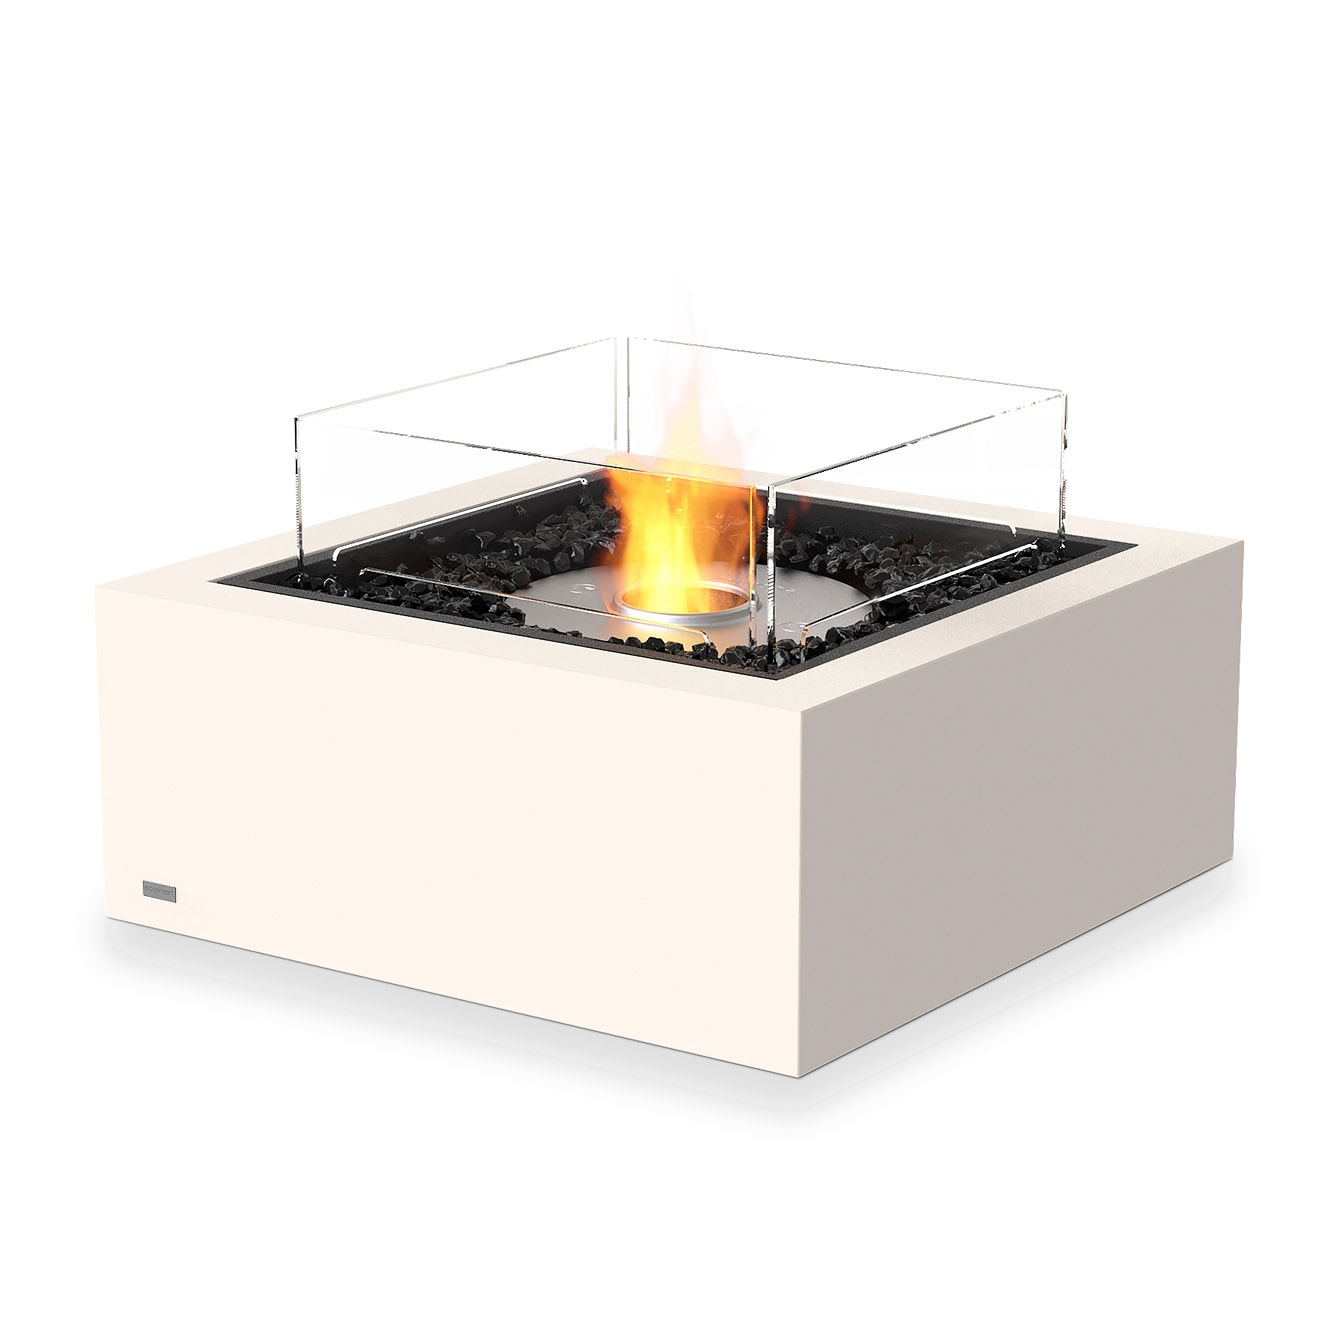 Base 30 - Exklusiver ECOSMART FIRE Feuertisch für Indoor & Outdoor | Radiamo
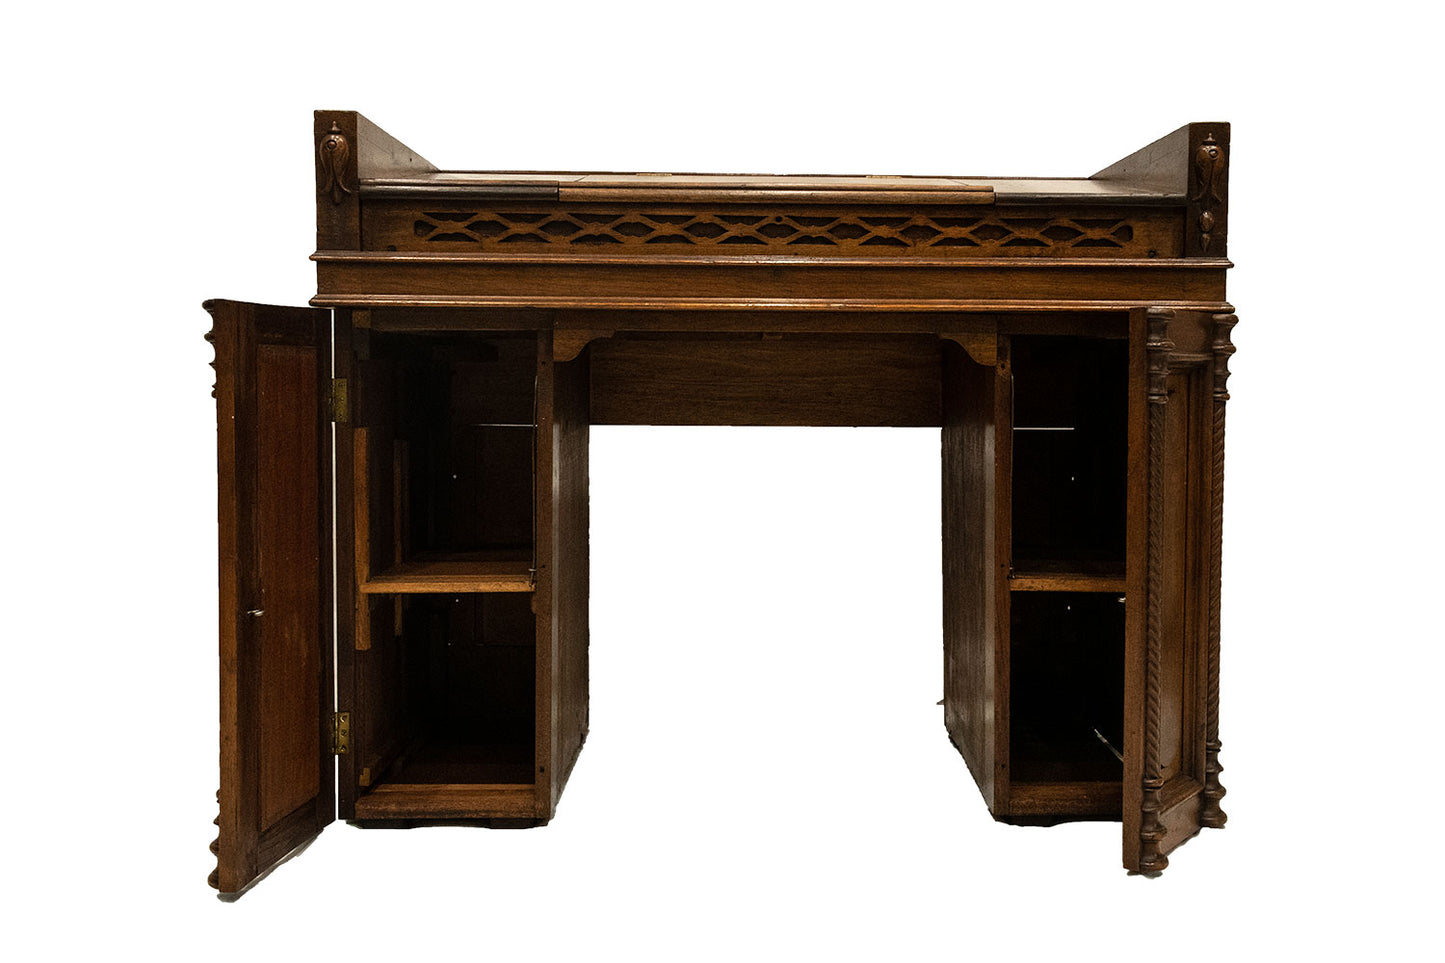 Original Manti Temple Registrar/Recommend Desk - 1888 Original Handmade
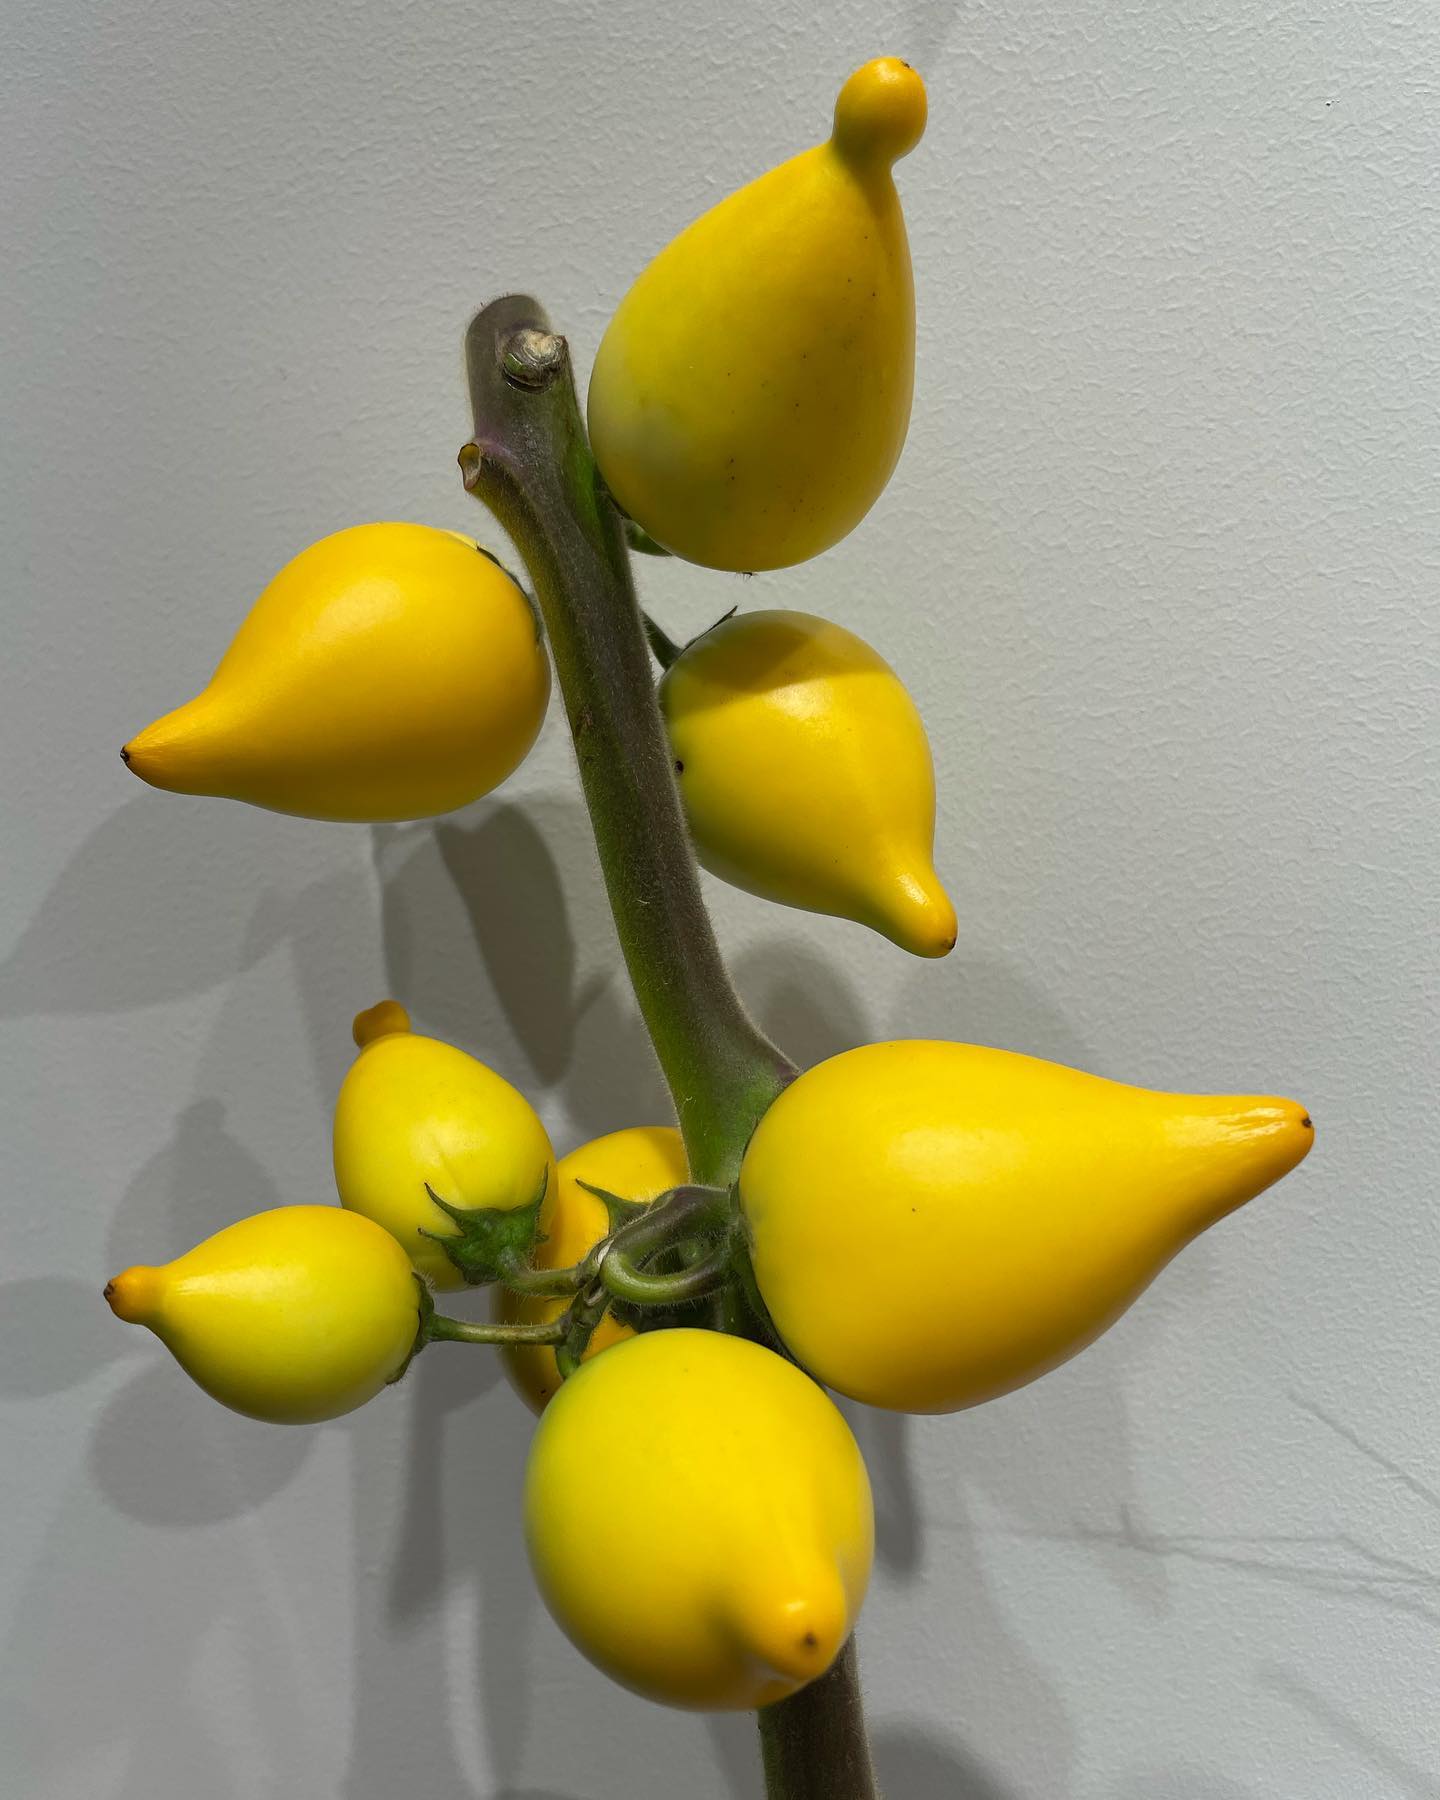 モンソーフルール新宿アルタ店です！！

フォックスフェイス入荷しました

黄色の果実がキツネの顔に似ていることからフォックスフェイスと呼ばれるようになったみたいです🦊

果実だけ切り離して、インテリアとして飾ることも可能な為、お家に飾ってみてはどうですか？️
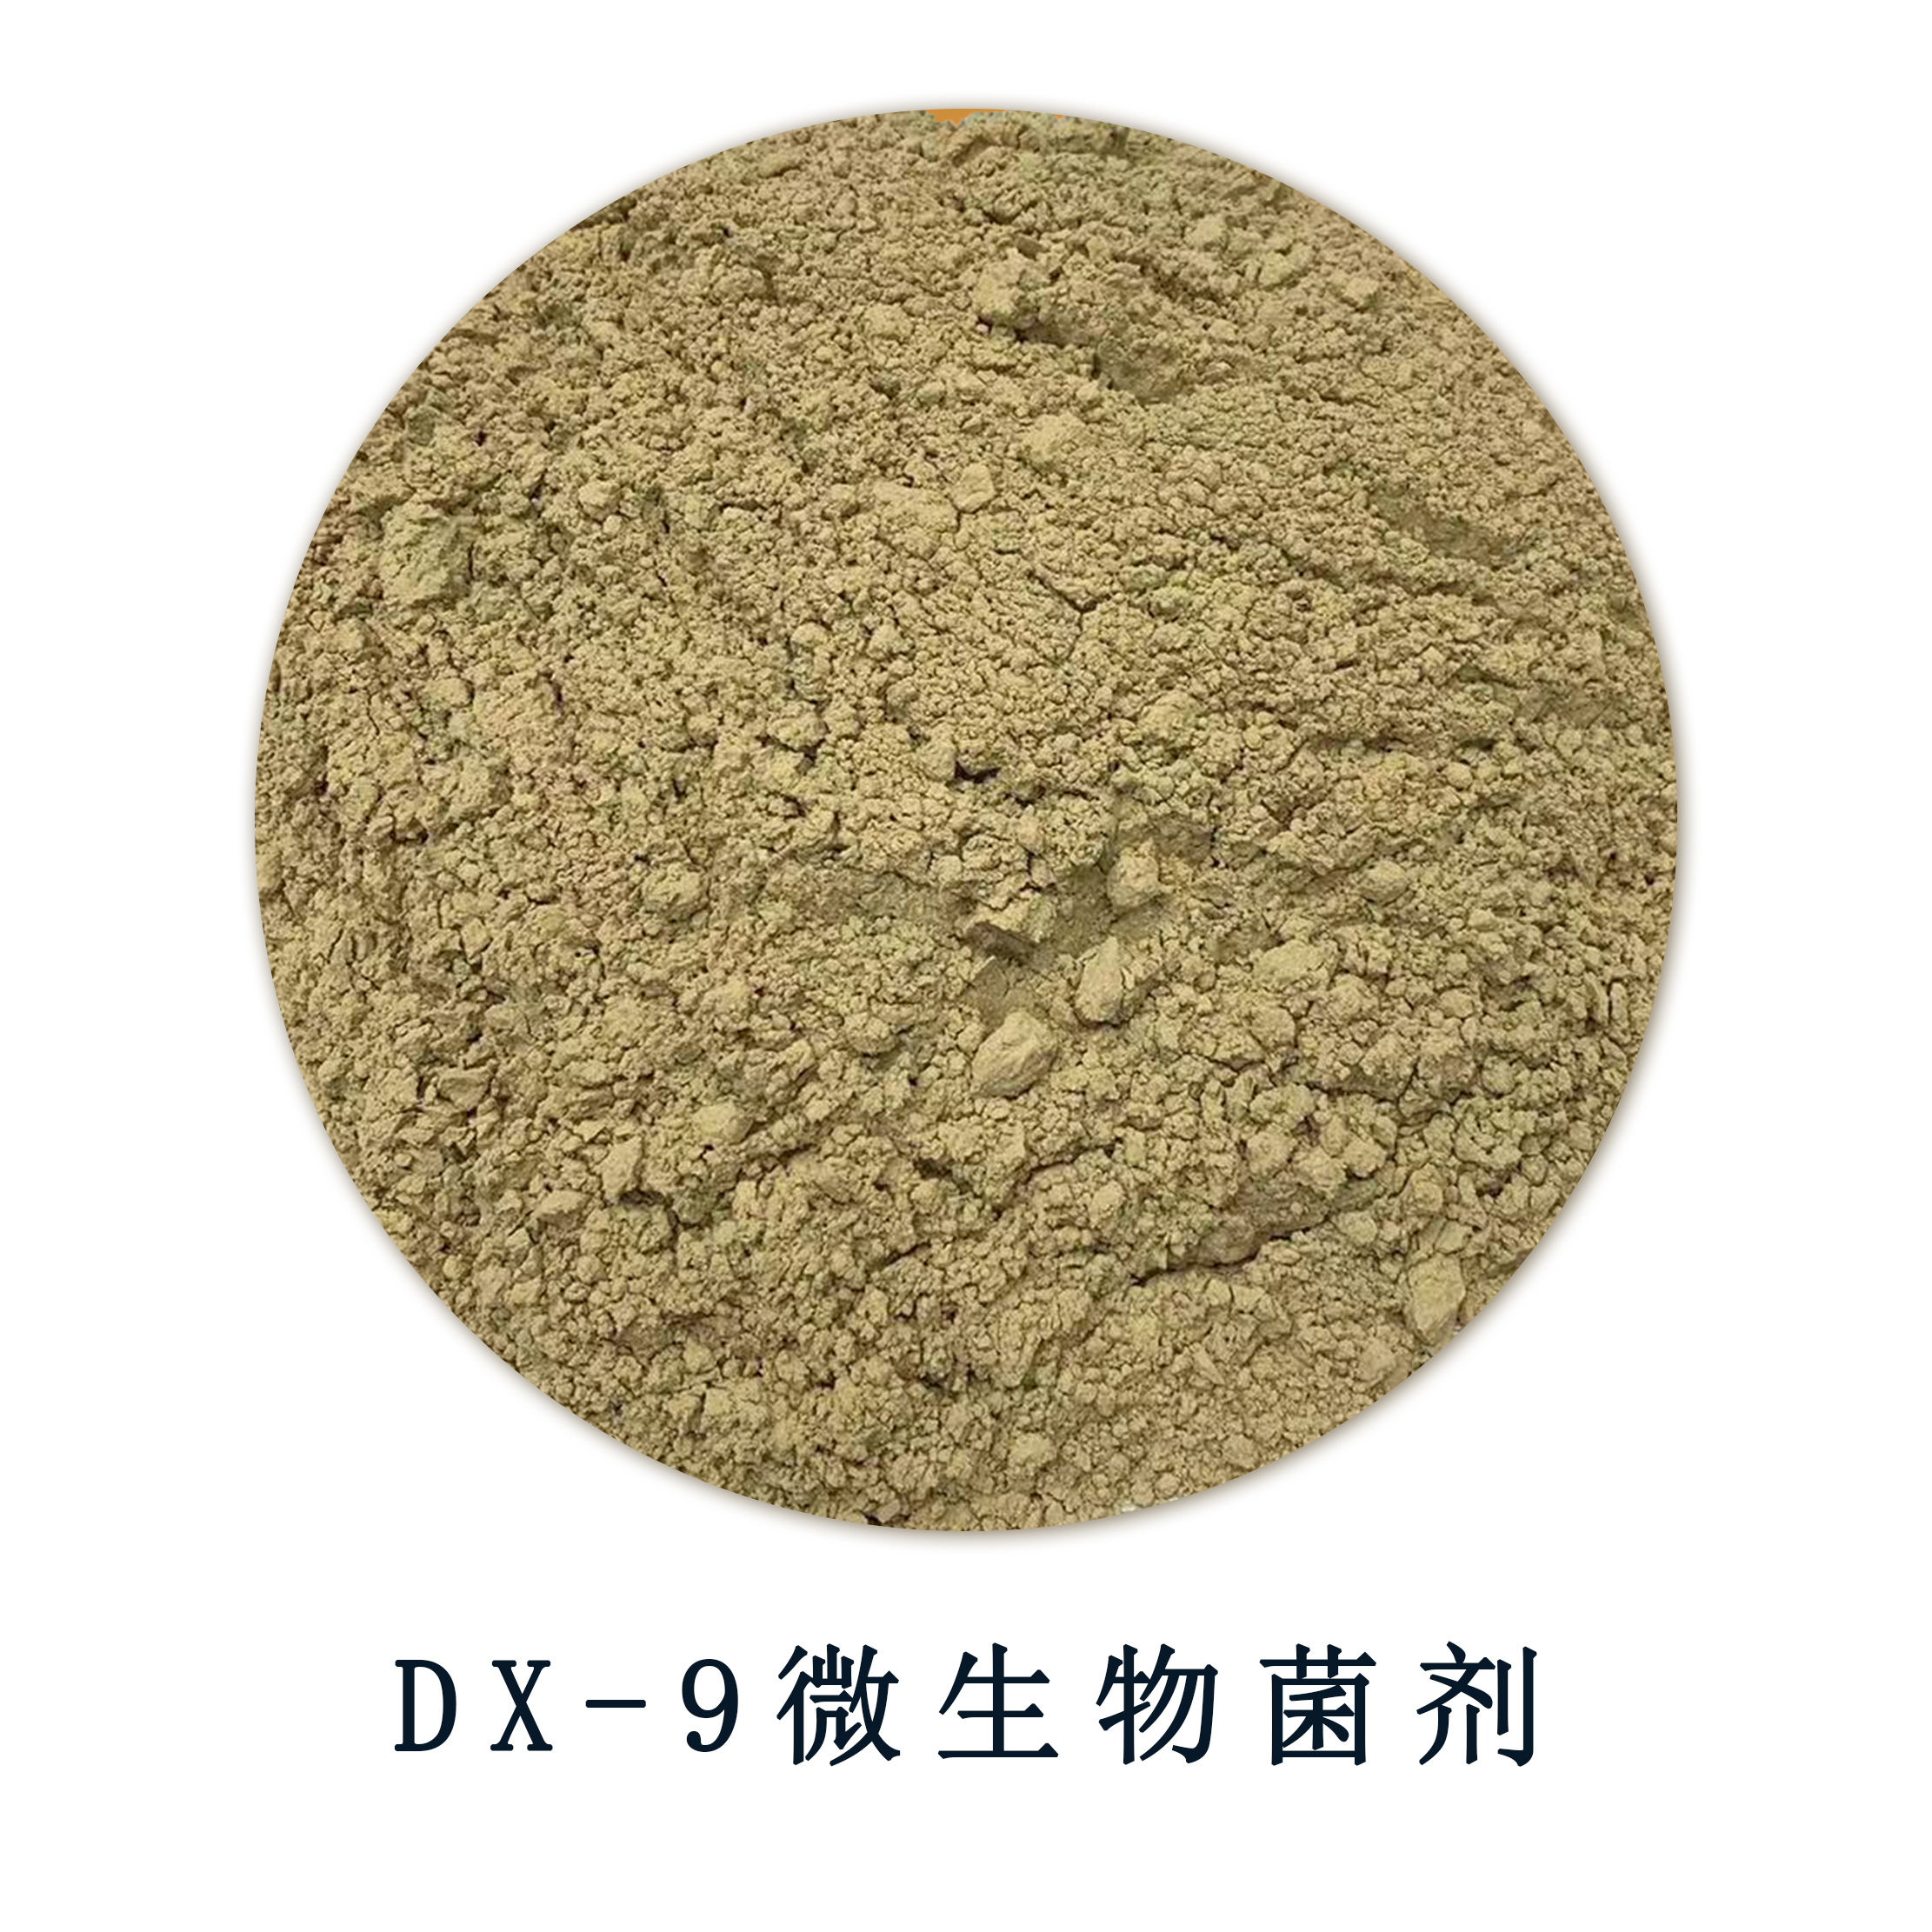 DX-9微生物菌剂.jpg

::::::::

WORK REQUEST. All of the material above must be retyped exactly, line for line, with the images dropped.

ANSWER TO THIS EXERCISE.
 Base 30 - Exklusiver ECOSMART FIRE Feuertisch für Indoor & Outdoor | Radiamo
 Original Manti Temple Registrar/Recommend Desk - 1888 Original Handmade
 モンソーフルール新宿アルタ店です！！

フォックスフェイス入荷しました

黄色の果実がキツネの顔に似ていることからフォックスフェイスと呼ばれるようになったみたいです🦊

果実だけ切り離して、インテリアとして飾ることも可能な為、お家に飾ってみてはどうですか？️
 DX-9微生物菌剂.jpg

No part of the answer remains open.